WHAT THIS TASK INVOLVES —
Your job is to give again, exactly and with no additions, the lines in the records below from the one with "Amazon's Best-Selling Fleece-Lined" through the one with "Premium Merino wool", both included. Omit the pictures.

DATA FOR PROCESSING —
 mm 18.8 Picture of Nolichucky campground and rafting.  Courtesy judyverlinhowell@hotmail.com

* * *

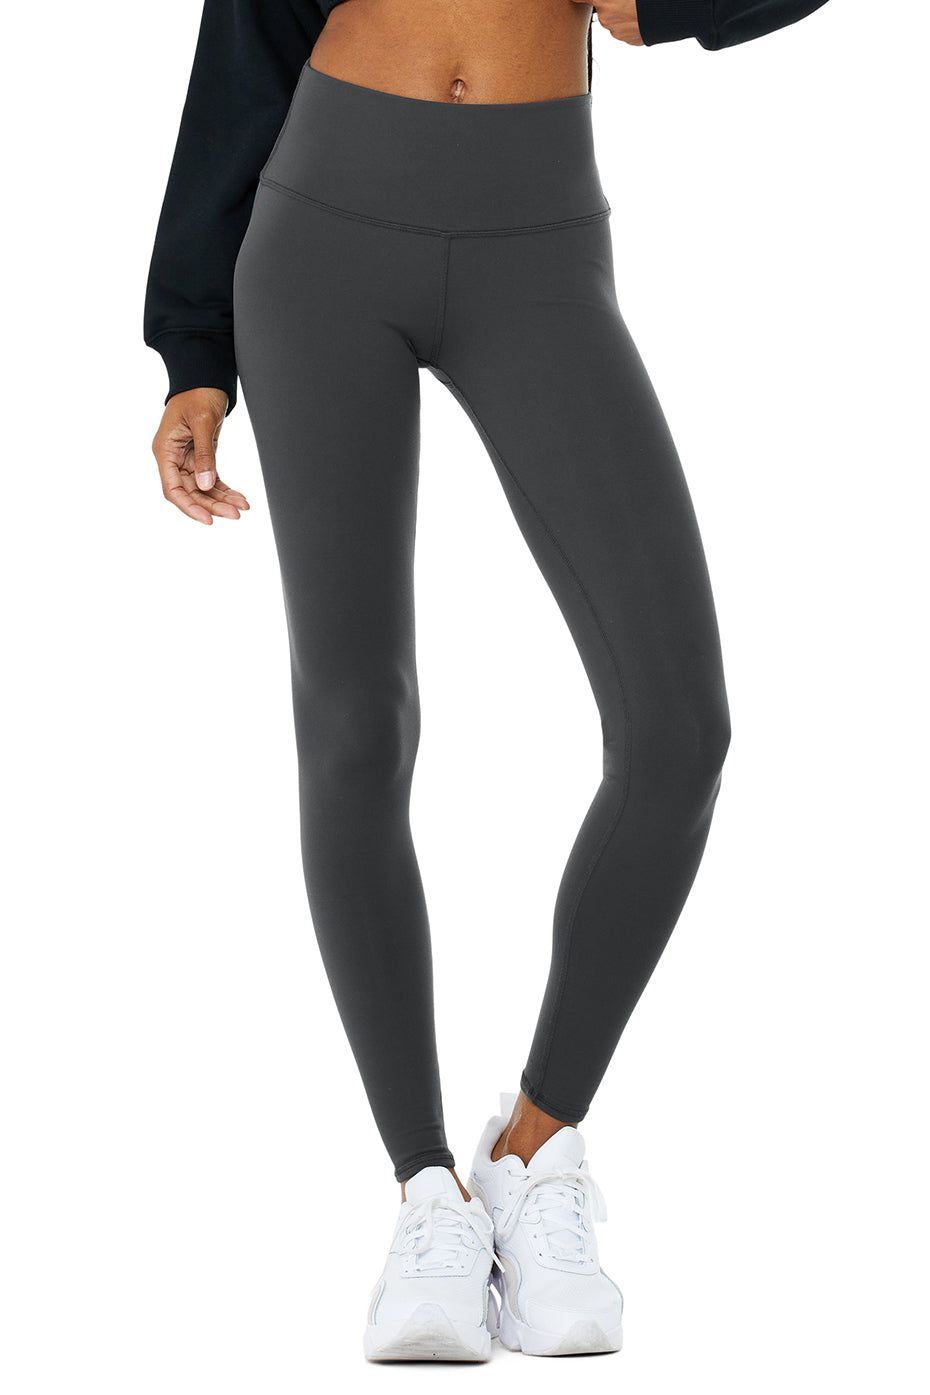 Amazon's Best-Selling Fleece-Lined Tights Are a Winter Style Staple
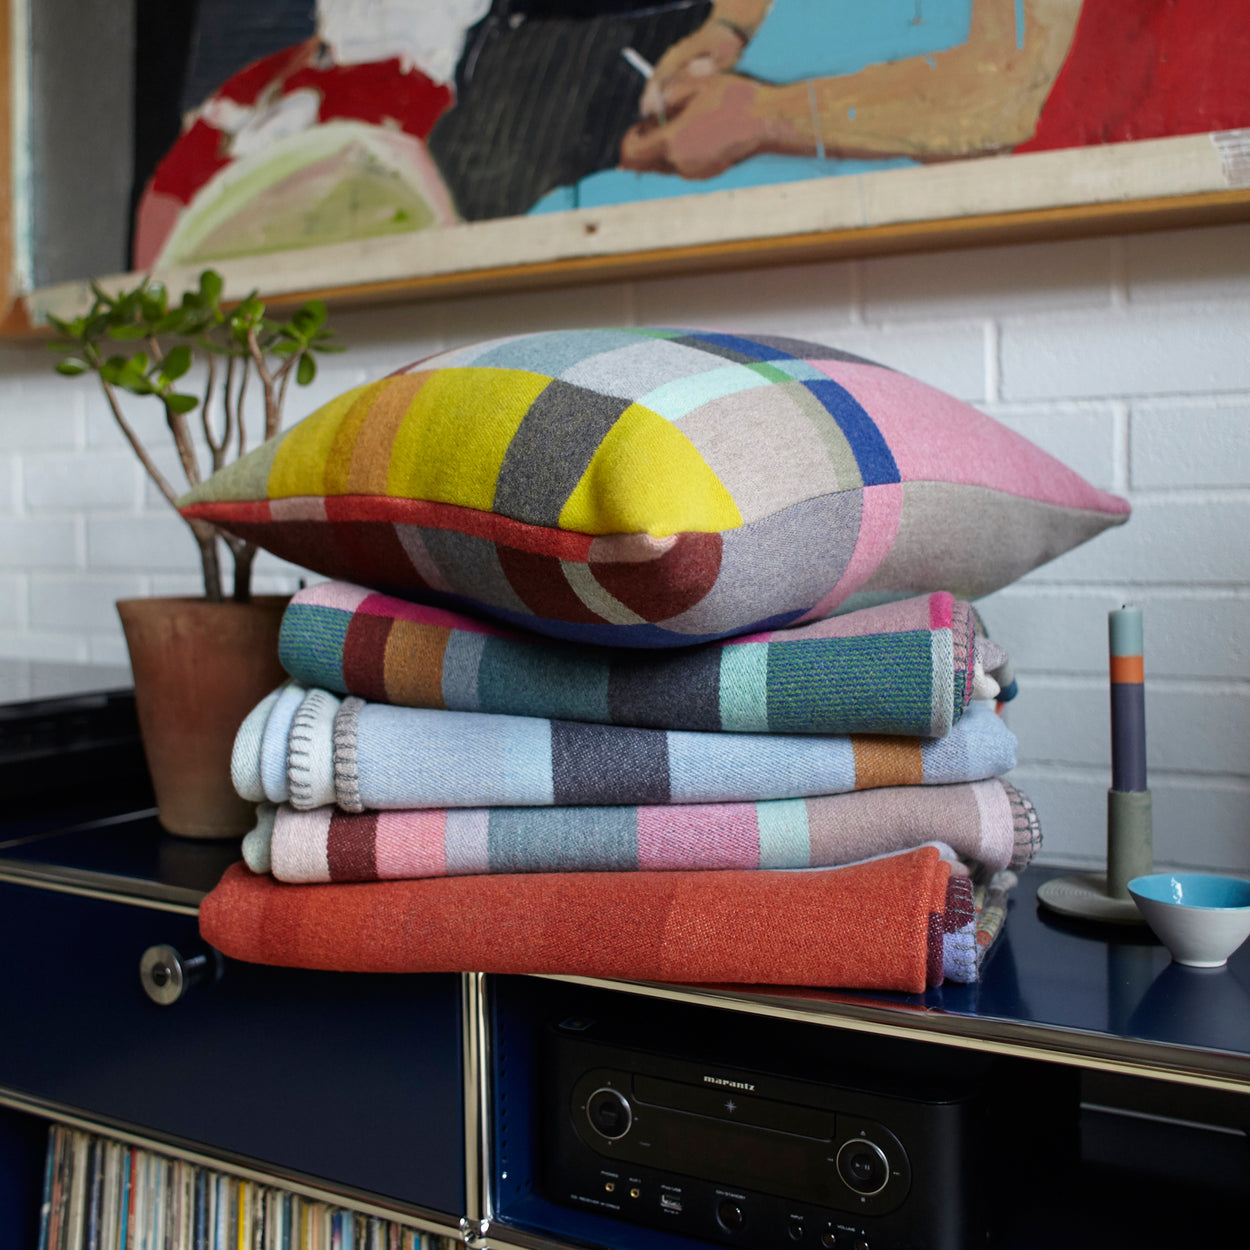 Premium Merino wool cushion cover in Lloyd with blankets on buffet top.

RESULT —
 Amazon's Best-Selling Fleece-Lined Tights Are a Winter Style Staple
 Premium Merino wool cushion cover in Lloyd with blankets on buffet top.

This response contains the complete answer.